In dit onderzoek is uit de verschillende beschikbare methodes de laatste editie van de lesmethode ‘Welkom in Nederland: Kennis van de Nederlandse Maatschappij voor het inburgeringsexamen’ (Gathier 2015) gekozen als onderzoeksobject. Bij aanvang van het onderzoek was dit namelijk de enige lesmethode die was aangepast aan de herziene eindtermen voor het inburgeringsexamen KNM .
De statistische cijfers over de samenstelling van de Nederlandse bevolking volgens het CBS laten zien dat de samenleving bestaat uit cultureel etnisch diverse groepen. De vraag is dan welke gewoonten en gebruiken van welke etnische groepen worden gerepresenteerd in het lesmateriaal KNM voor inburgeraars. Anders gezegd, wordt er in het lesmateriaal rekening gehouden met de diversiteit die er in de maatschappij aanwezig is?
Er kan geconstateerd worden dat de aanwezigheid van diversiteit in de Nederlandse samenleving wordt benoemd. Er is echter een verschil tussen het aangeven dat niet iedereen alles hetzelfde doet en het expliciteren van die verschillen. In de lesmethode is voor het overgrote deel voor de eerste aanpak gekozen. Hoewel er wordt aangegeven dat niet iedereen alles hetzelfde doet, is er dus wel een keuze gemaakt om de gewoontes en gebruiken van een bepaalde groep wel expliciet te benoemen en die van anderen achterwege te laten.
Uit de analyse blijkt dat de aandacht voornamelijk wordt gelegd op de grootste groepen, op een representatie van de meerderheid. De genoemde gewoonten roepen voornamelijk associaties met een autochtone Nederlandse bevolking of ‘de traditioneel ingezetenen’ op.
Dat wil zeggen dat voornamelijk de mainstream wordt gerepresenteerd en dat heeft tot gevolg dat andere groepen, ofwel microculturen, gemarginaliseerd worden, zoals Banks (2006) het noemt. Dit wordt bevestigd door de conclusies met betrekking tot de aanwezigheid van een onzichtbaarheidsbias. Hiervan is sprake wanneer bepaalde groepen uit de maatschappij of bepaalde gebeurtenissen niet worden besproken in bijvoorbeeld lesmateriaal (Sadker en Sadker, 2001). Feestdagen en gewoonten en gebruiken van bepaalde minderheden hebben geen plaats in het lesmateriaal.

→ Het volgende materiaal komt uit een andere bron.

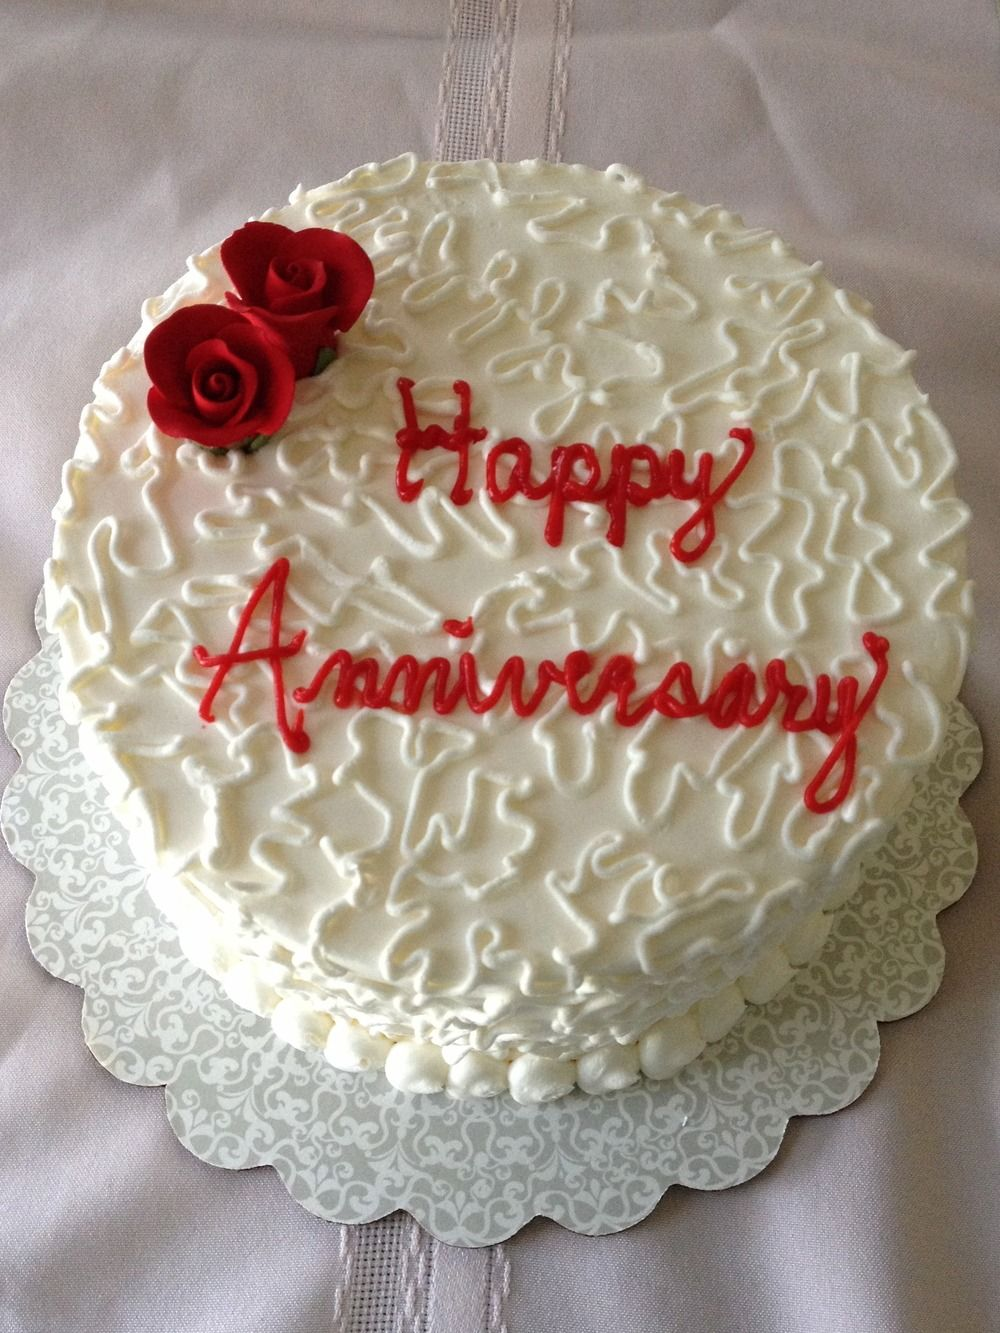 Midnight Cakes In Hyderabad Online Cake Delivery In Hyderabad In 2020 Happy Anniversary Cakes Happy Marriage Anniversary Cake Wedding Anniversary Wishes

Zoals de lesmethode nu is vormgegeven ligt het doel van inburgering niet bij interactie tussen verschillende groepen en het besef dat iedereen een aandeel heeft in die cultuur, maar bij assimilatie aan een mainstream cultuur. In plaats van het cultiveren van een nationale identiteit waarmee iedereen zich verbonden voelt, zullen mensen die zich niet tot de mainstream rekenen het gevoel hebben dat de hegemoniale cultuur vooral wordt gecreëerd door anderen die hun ervaringen niet kennen of begrijpen.